→ **What is being asked**: The required output is the exact run of lines in the listing below from the line holding "Young Lion Cub Portrait Background" through the line holding "Philippe Charlez : L'Utopie", with no pictures.

→ **Task material**:

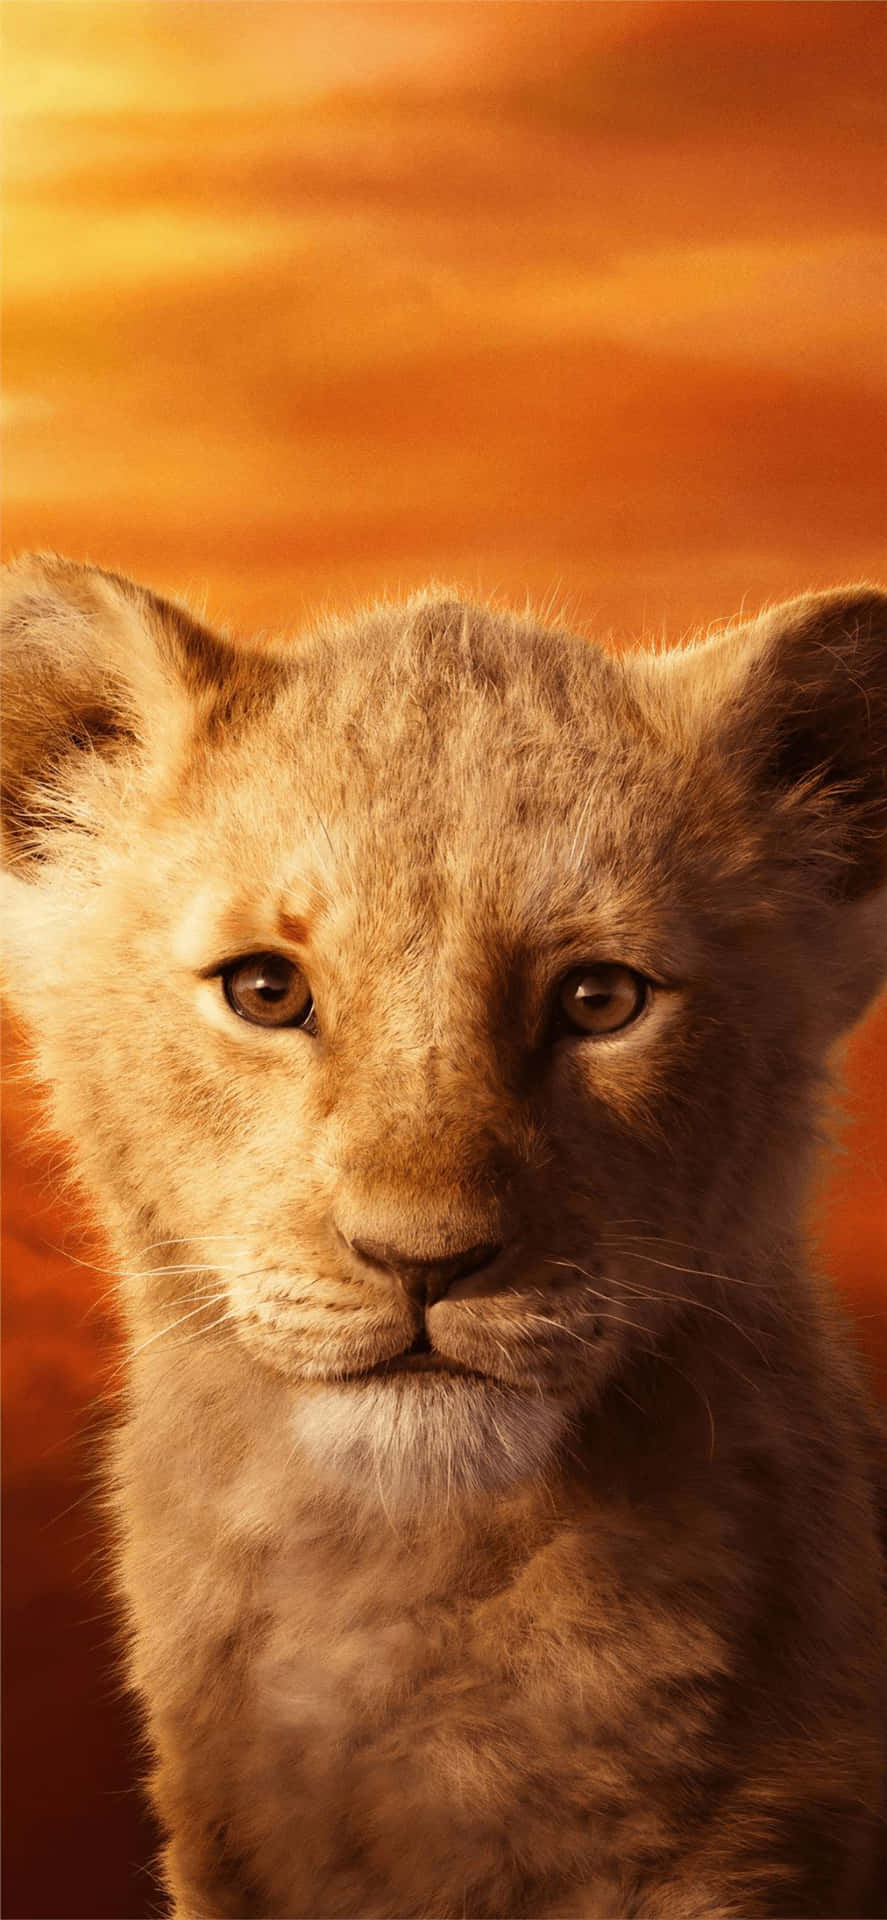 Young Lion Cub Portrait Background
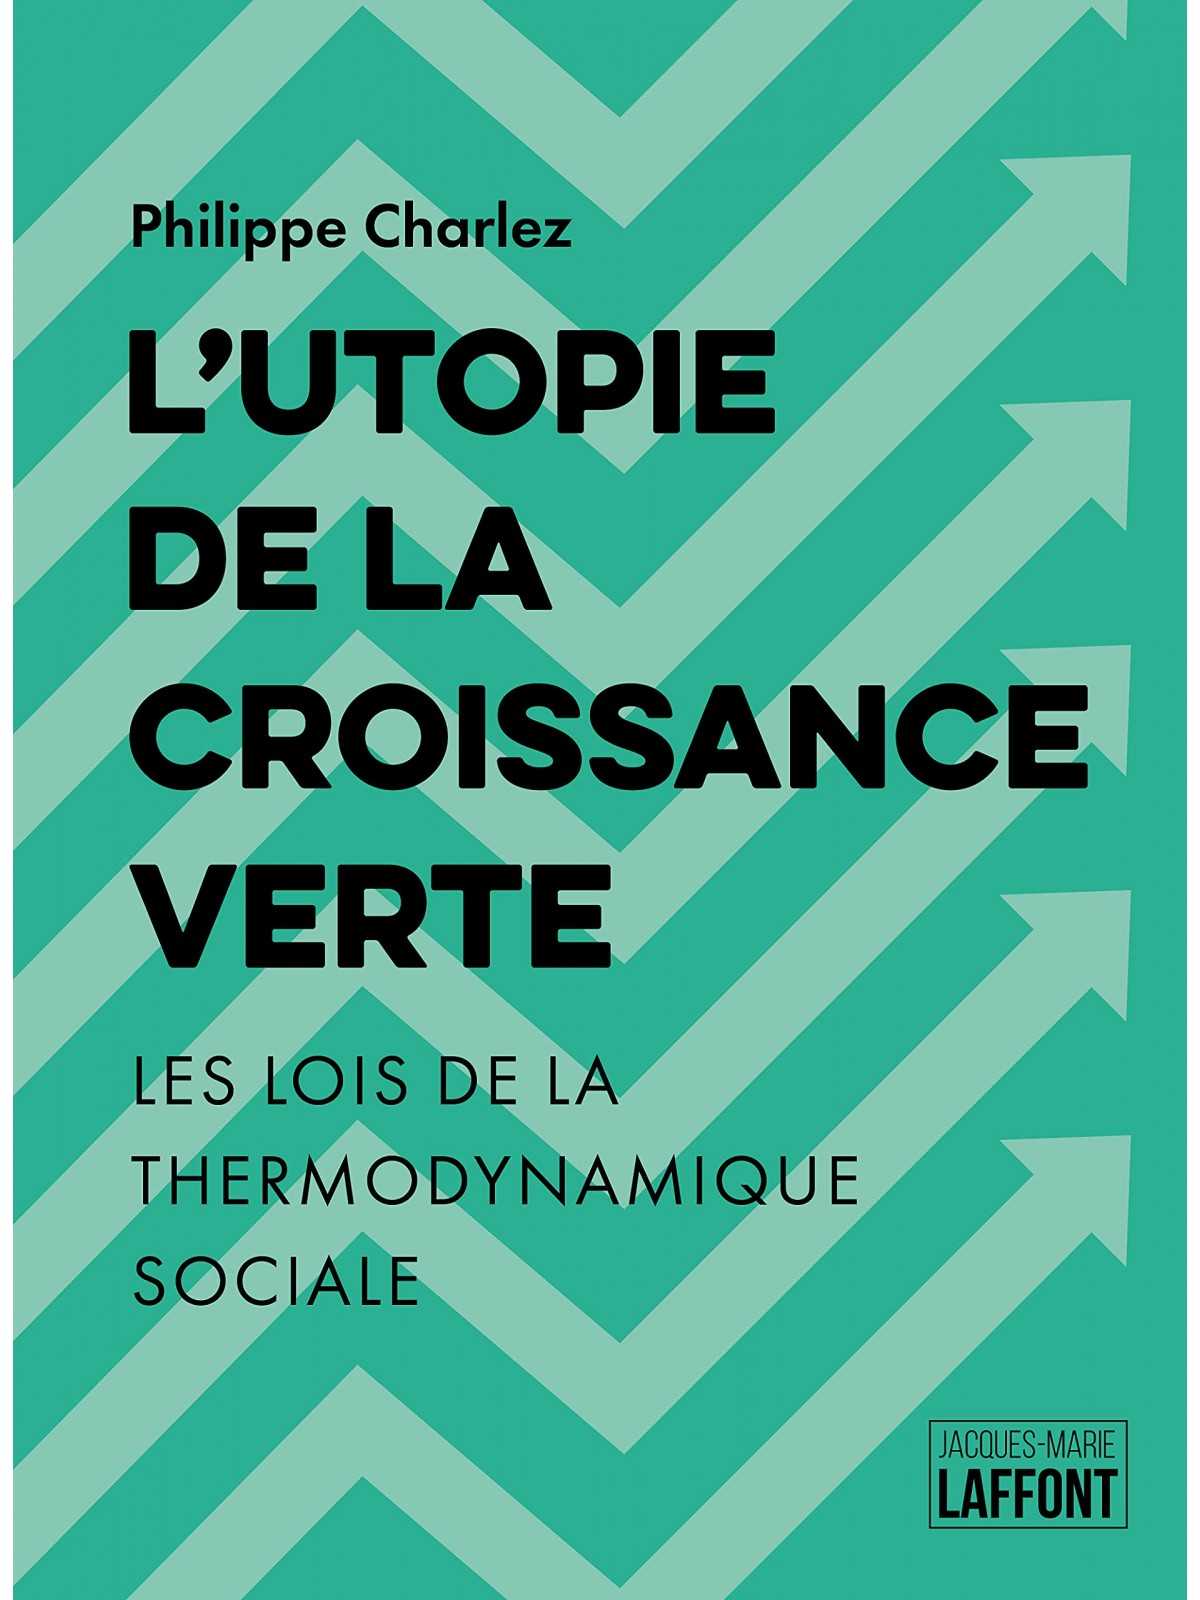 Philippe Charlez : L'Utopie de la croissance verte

...

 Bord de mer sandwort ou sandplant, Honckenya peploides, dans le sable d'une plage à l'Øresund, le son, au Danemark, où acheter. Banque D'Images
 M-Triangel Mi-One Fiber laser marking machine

→ **Problem solution**:
 Young Lion Cub Portrait Background
 Philippe Charlez : L'Utopie de la croissance verte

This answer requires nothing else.